If I ever have trouble sleeping at night, I close my eyes and think of Clash, my dog who was named after the rock band.
Giving him a home was the best decision my family ever made. He had the proud, handsome face of a Jack Russell with the wobbly behind of a Dachshund. He only ever wanted to chase a tennis ball. He swallowed the ball, and it cost hundreds of dollars to have it removed. But he was worth every dollar.
Why? Happiness is like a game of pass the parcel — and your spending should be, too. Indeed, research shows that spending money on others — be they furry friends or human friends — rather than on yourself will help you find lasting happiness. So rather than dream about the $1.6 billion Mega Millions lottery jackpot, why not use your hard-earned money to lead a more meaningful and satisfying life.
1. Happiness is a warm puppy (or sandy beach)
A pet will cost you $1,270 to own in the first year alone, according to the animal-welfare nonprofit American Society for the Prevention of Cruelty to Animals, but it’s money well spent: Pets provide you with social support that’s critical for psychological and physical well-being, studies found.
A 2011 study in the Journal of Personality and Social Psychology showed that pet owners had greater self-esteem and got more exercise than non-pet owners, and were less likely to shy away from relationships for fear of being hurt.
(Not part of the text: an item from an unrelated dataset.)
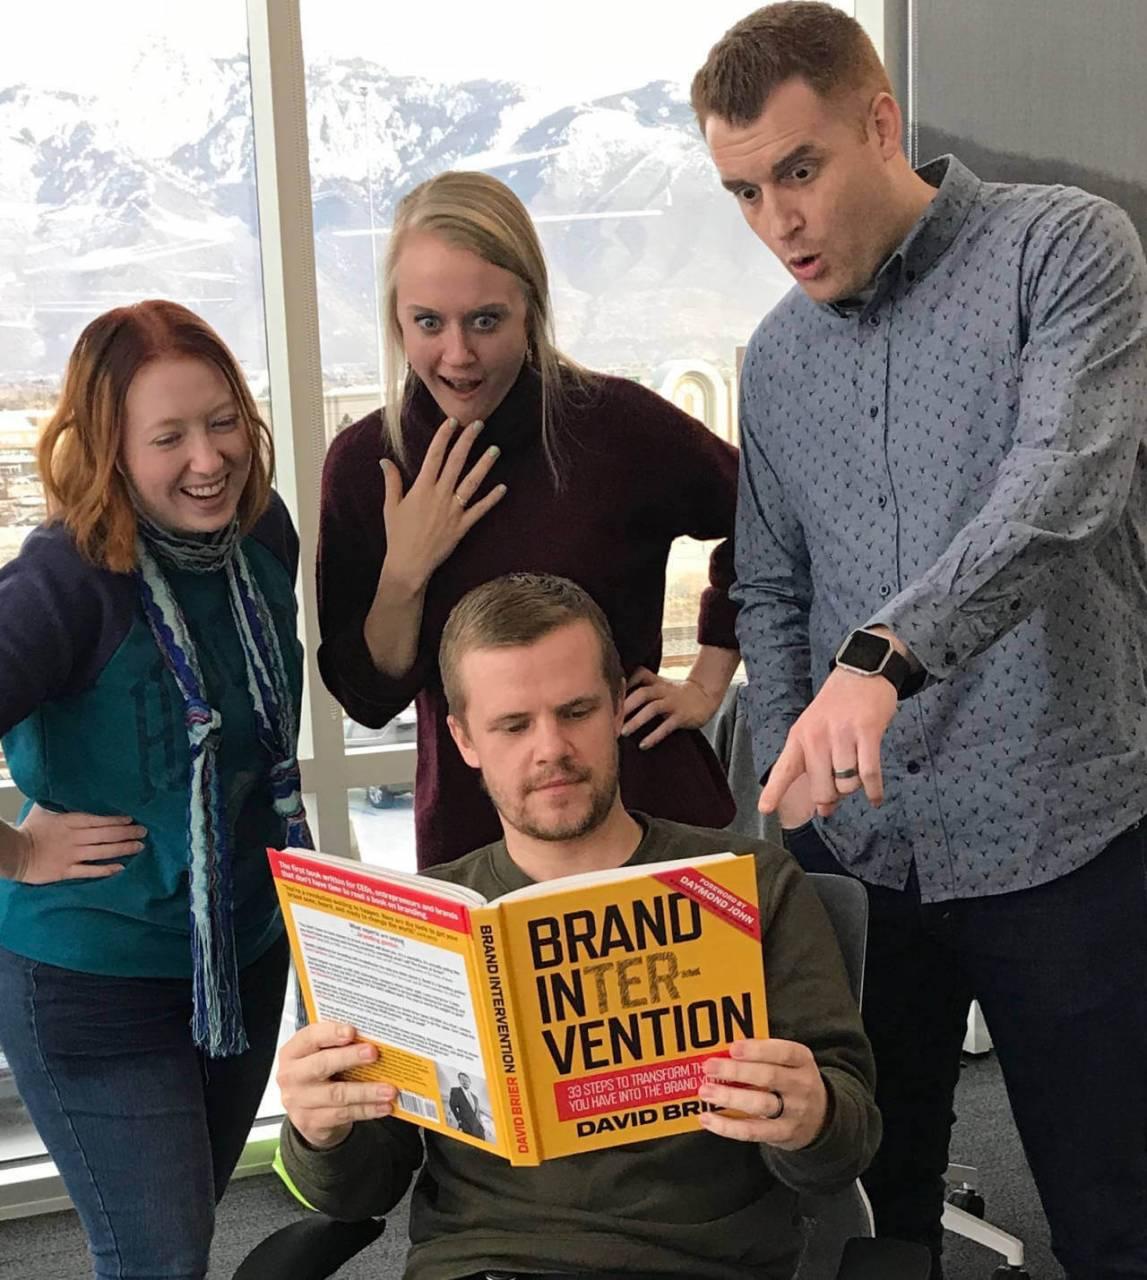 Brand Intervention and Lucidpress
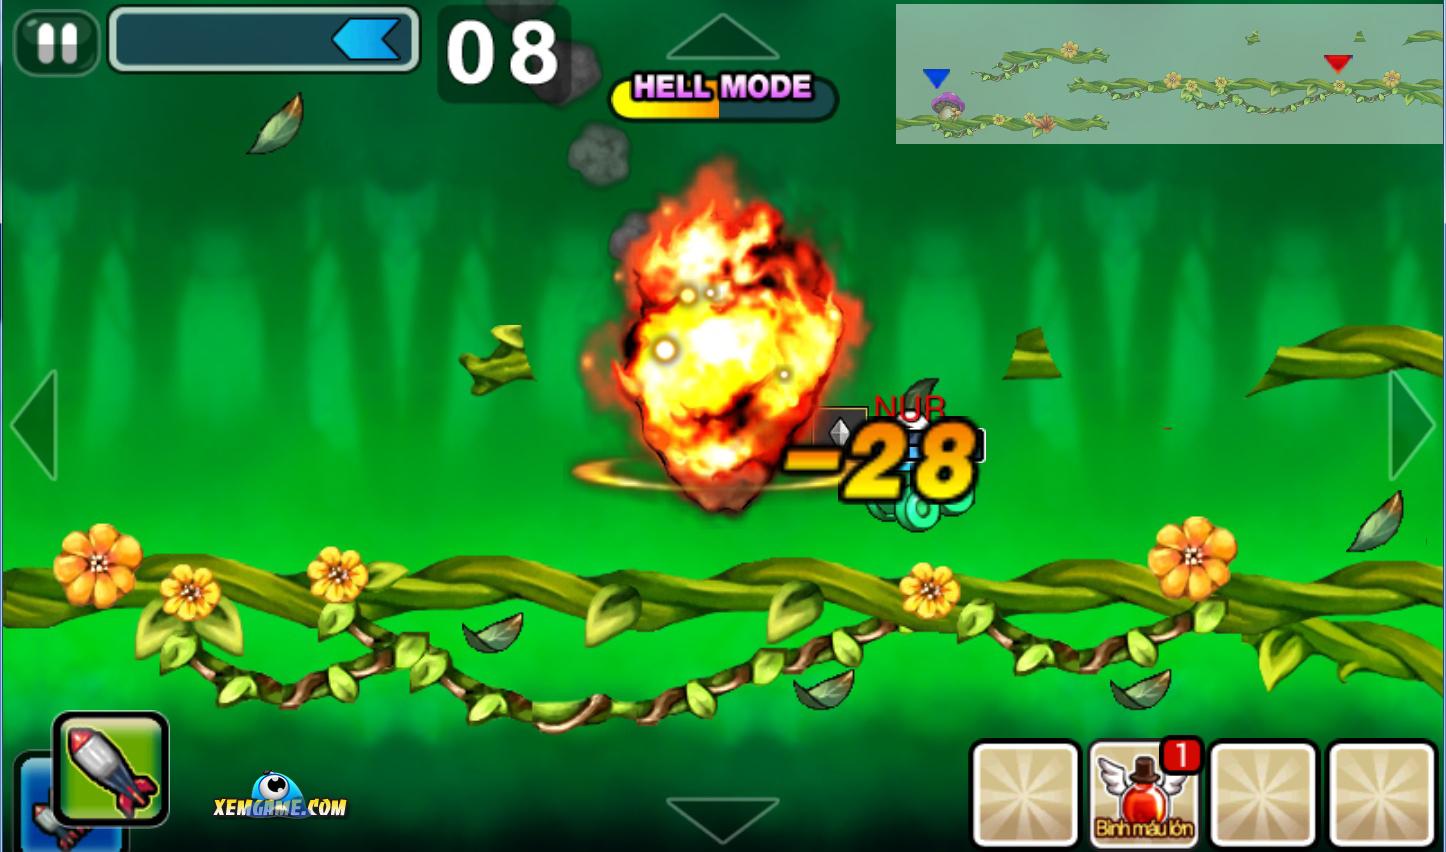 game-oppa_-tank-mobile-4.jpg (1446×852)

In the first part of that study, pet owners had greater self-esteem and more exercise — and also experienced improved conscientiousness and less fearful attachment, a psychological term that describes the desire to stay away from relationships for fear of being hurt. “The support that pets provided complemented rather than competed with human sources,” they found. Finally, pet owners “demonstrated the ability of pets to stave off negativity caused by social rejection.”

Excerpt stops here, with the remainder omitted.